━━━━━ Exercise data ━━━━━

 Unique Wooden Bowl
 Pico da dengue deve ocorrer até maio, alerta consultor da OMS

━━━━━
━━━━━ Exercise data ━━━━━

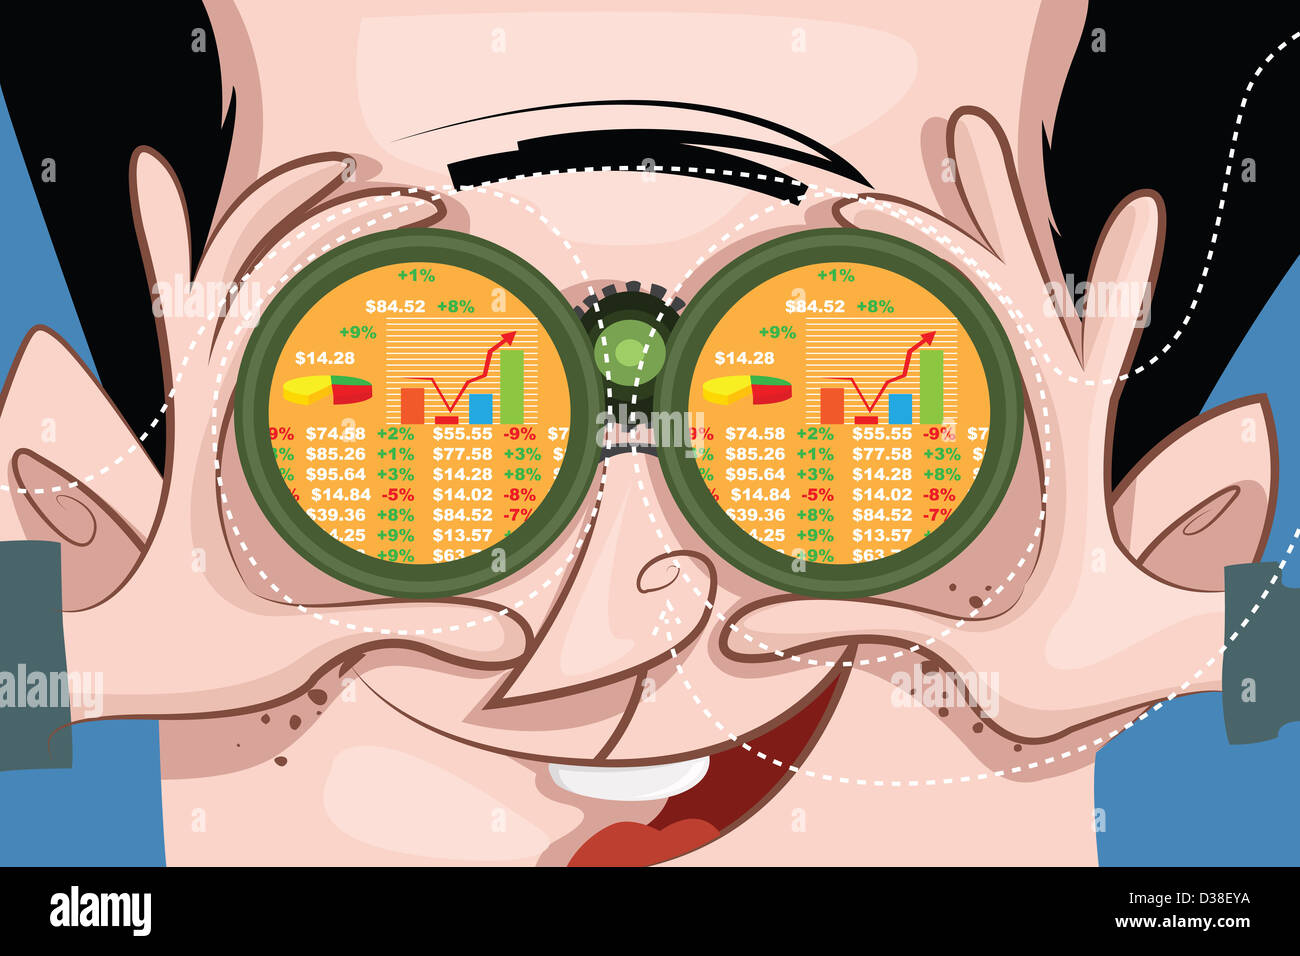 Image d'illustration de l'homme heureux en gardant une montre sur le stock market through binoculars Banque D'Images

━━━━━
━━━━━ Exercise data ━━━━━

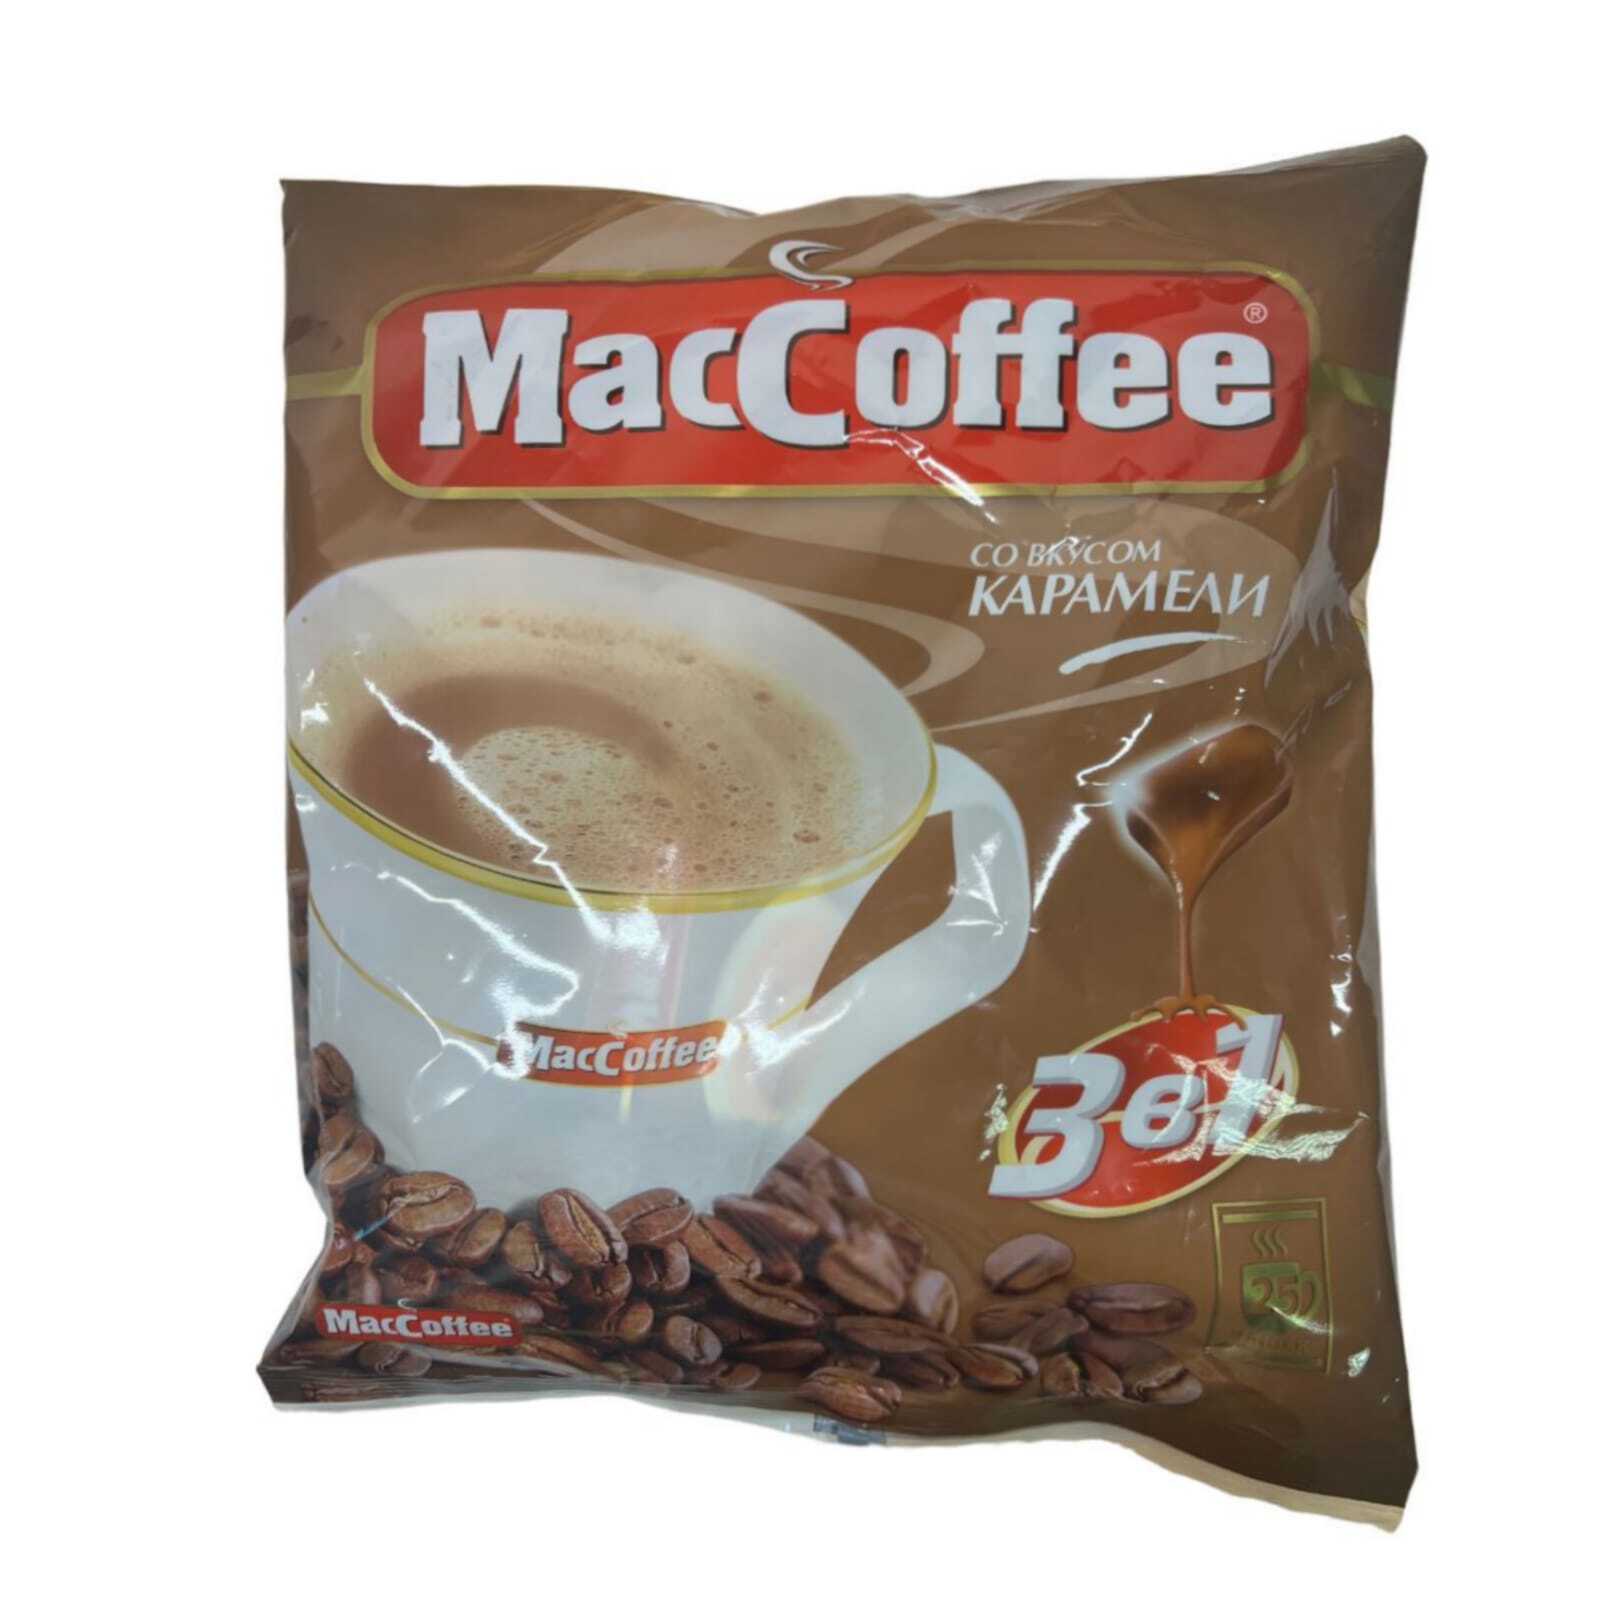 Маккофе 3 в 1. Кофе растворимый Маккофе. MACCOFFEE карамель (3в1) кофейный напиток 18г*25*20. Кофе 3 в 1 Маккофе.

━━━━━

Prompt:
Find the line with "Unique Wooden Bowl" in the entries above. Retype it and each line after it, exactly, through the line with "Pico da dengue", and stop there.

Answer section:
 Unique Wooden Bowl
 Pico da dengue deve ocorrer até maio, alerta consultor da OMS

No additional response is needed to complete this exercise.